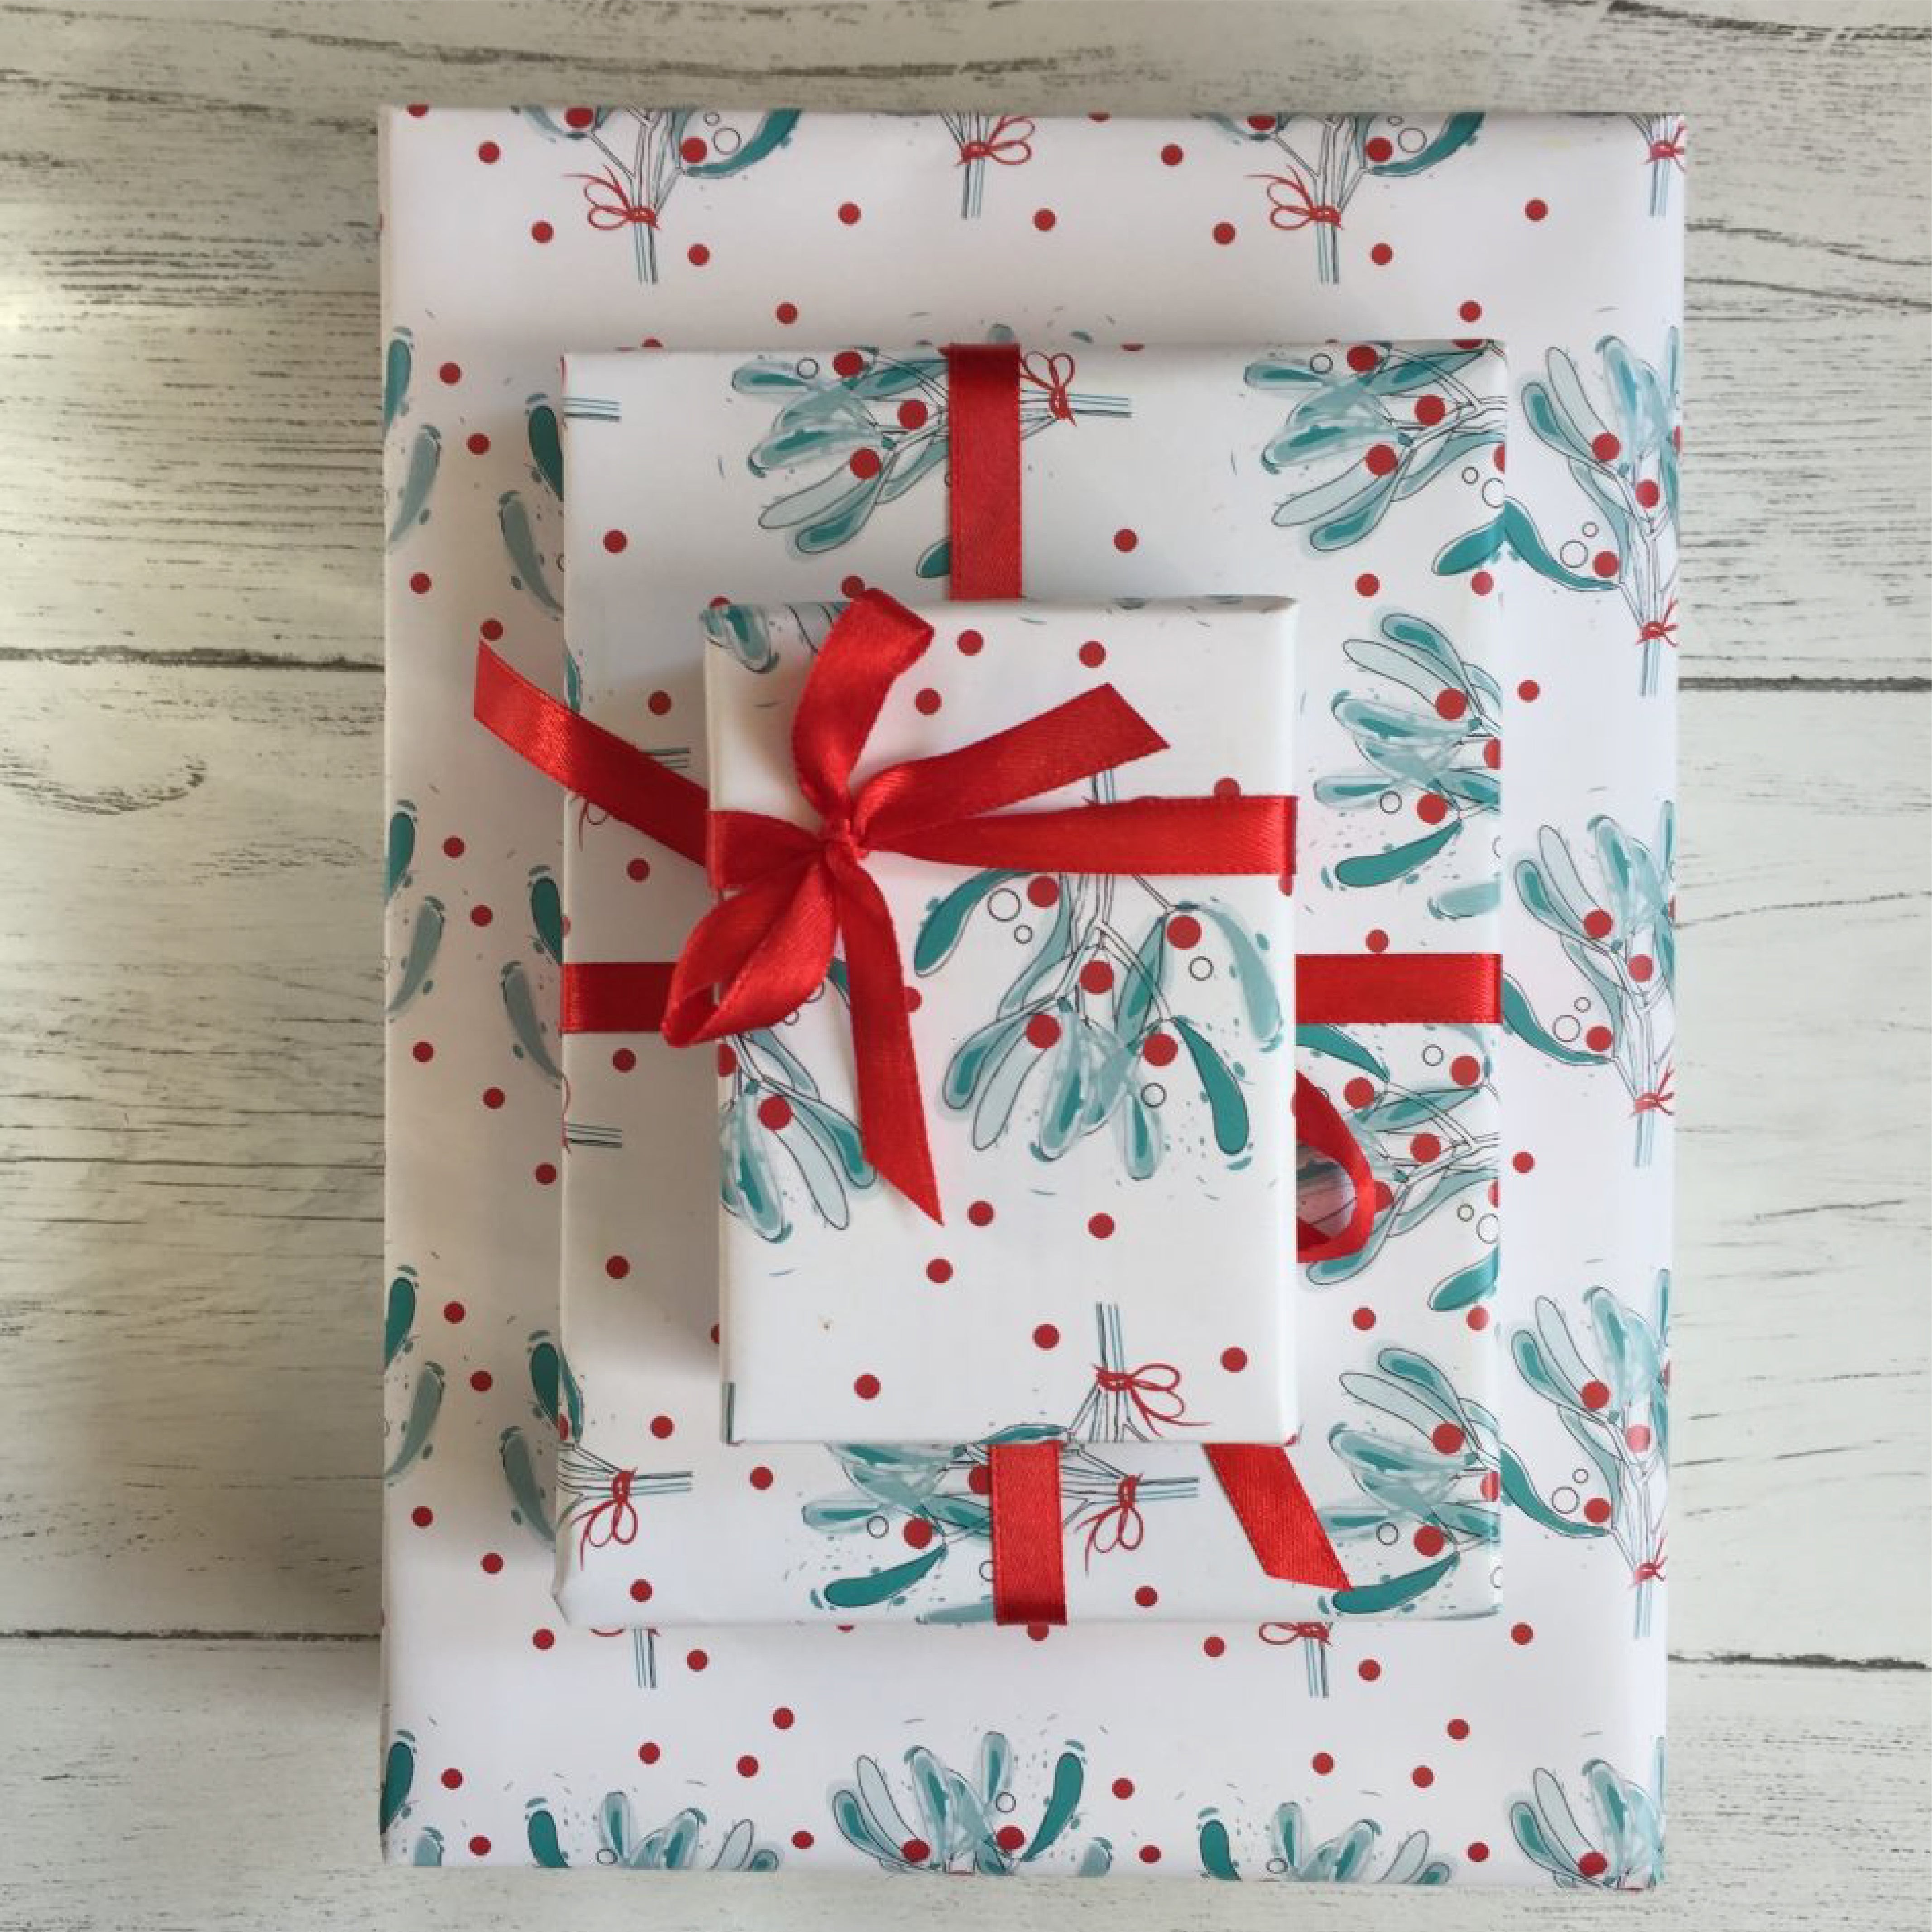 Festive wrapping paper - various designs
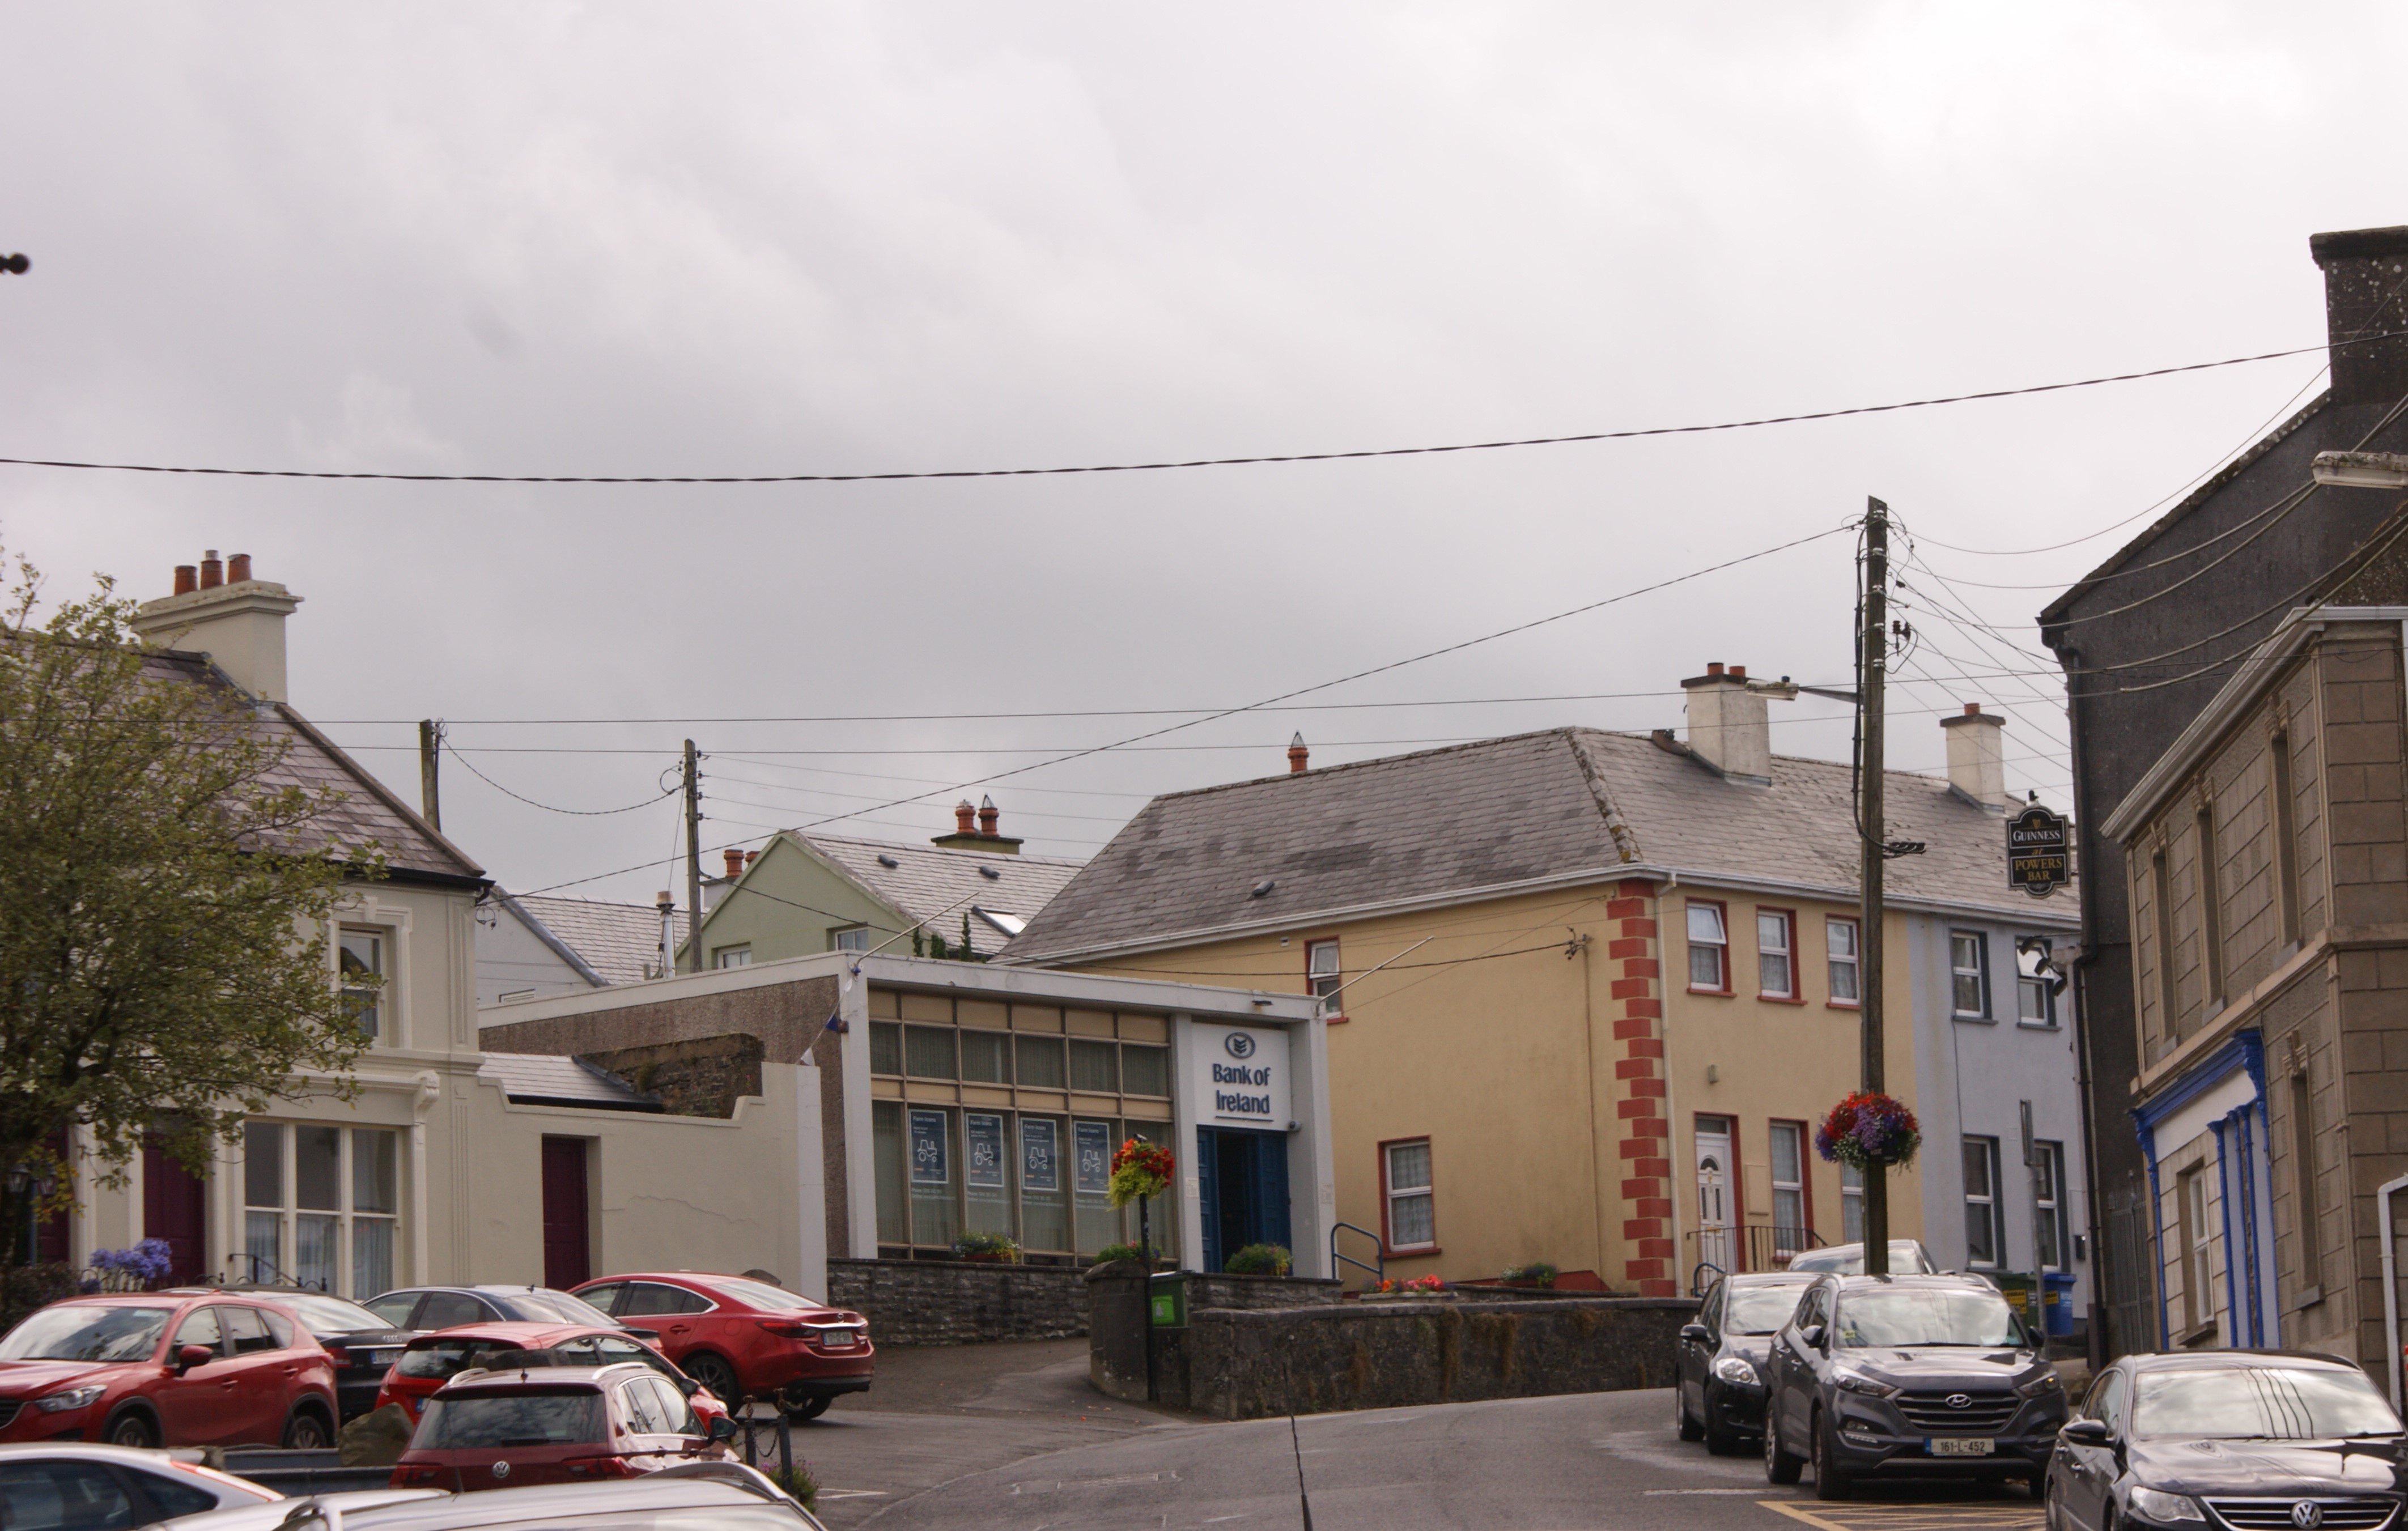 The 10 best hotels & places to stay in Miltown Malbay, Ireland 
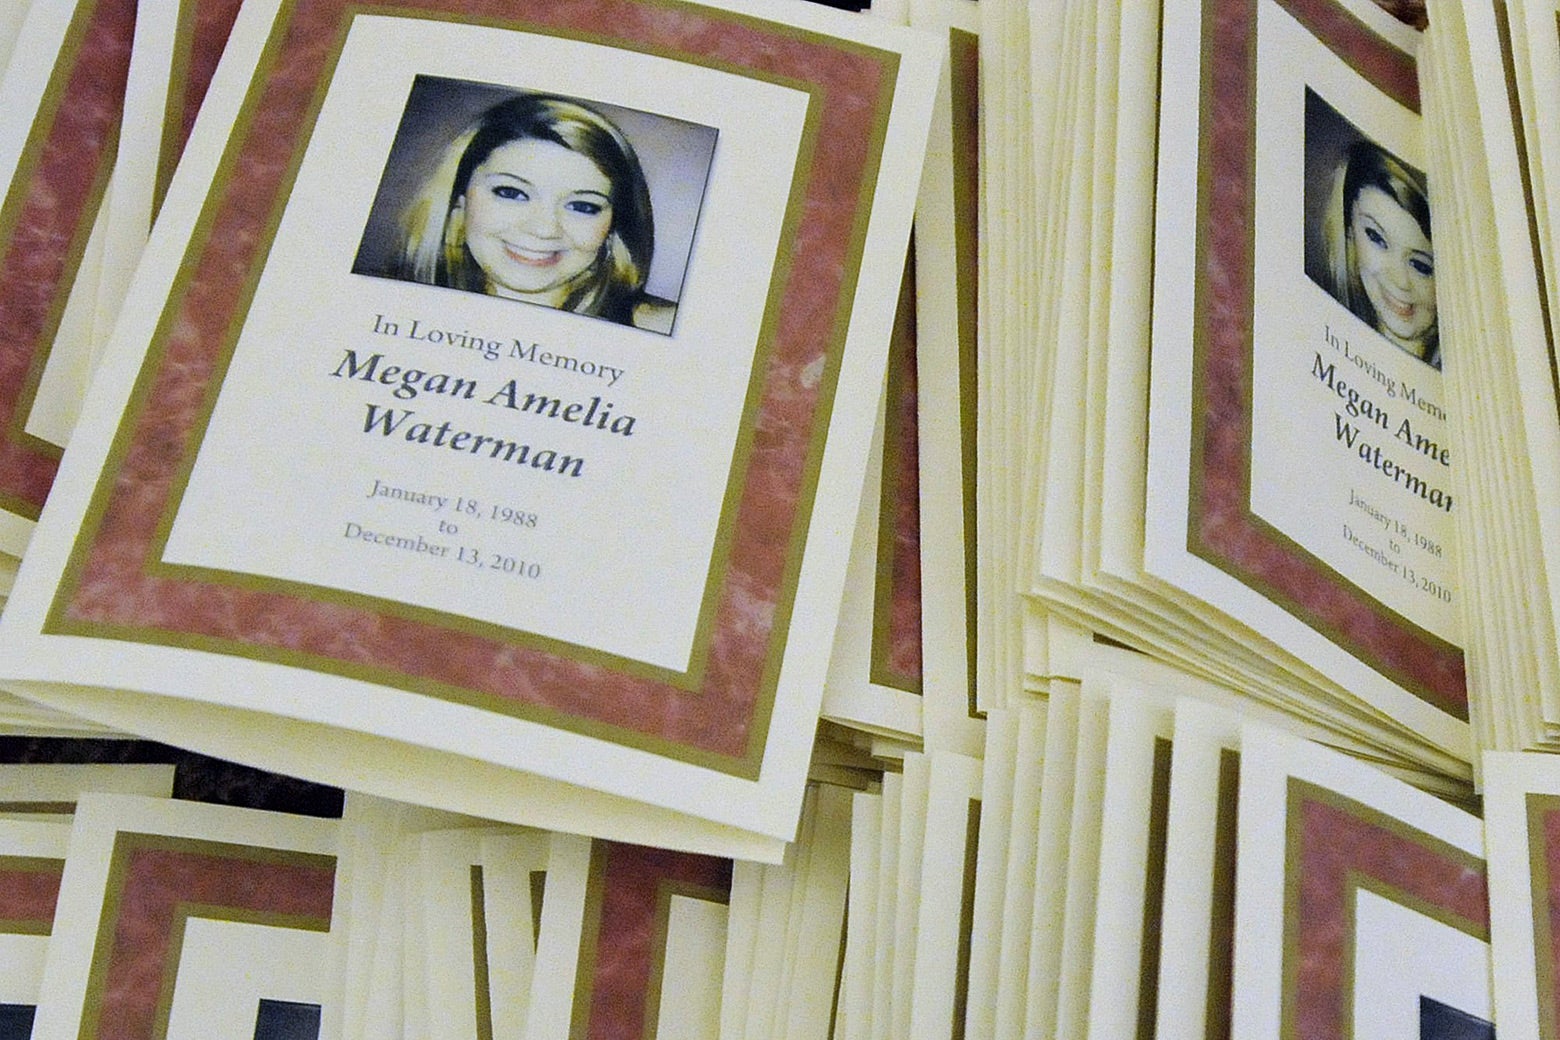 A stack of funeral programs featuring a photo of a young woman and the words "In Loving Memory: Megan Amelia Waterman."

## EXERCISE
Would you copy out the material above exactly, without the pictures in it?

## FINAL ANSWER
 Festive wrapping paper - various designs
 The 10 best hotels & places to stay in Miltown Malbay, Ireland 
 A stack of funeral programs featuring a photo of a young woman and the words "In Loving Memory: Megan Amelia Waterman."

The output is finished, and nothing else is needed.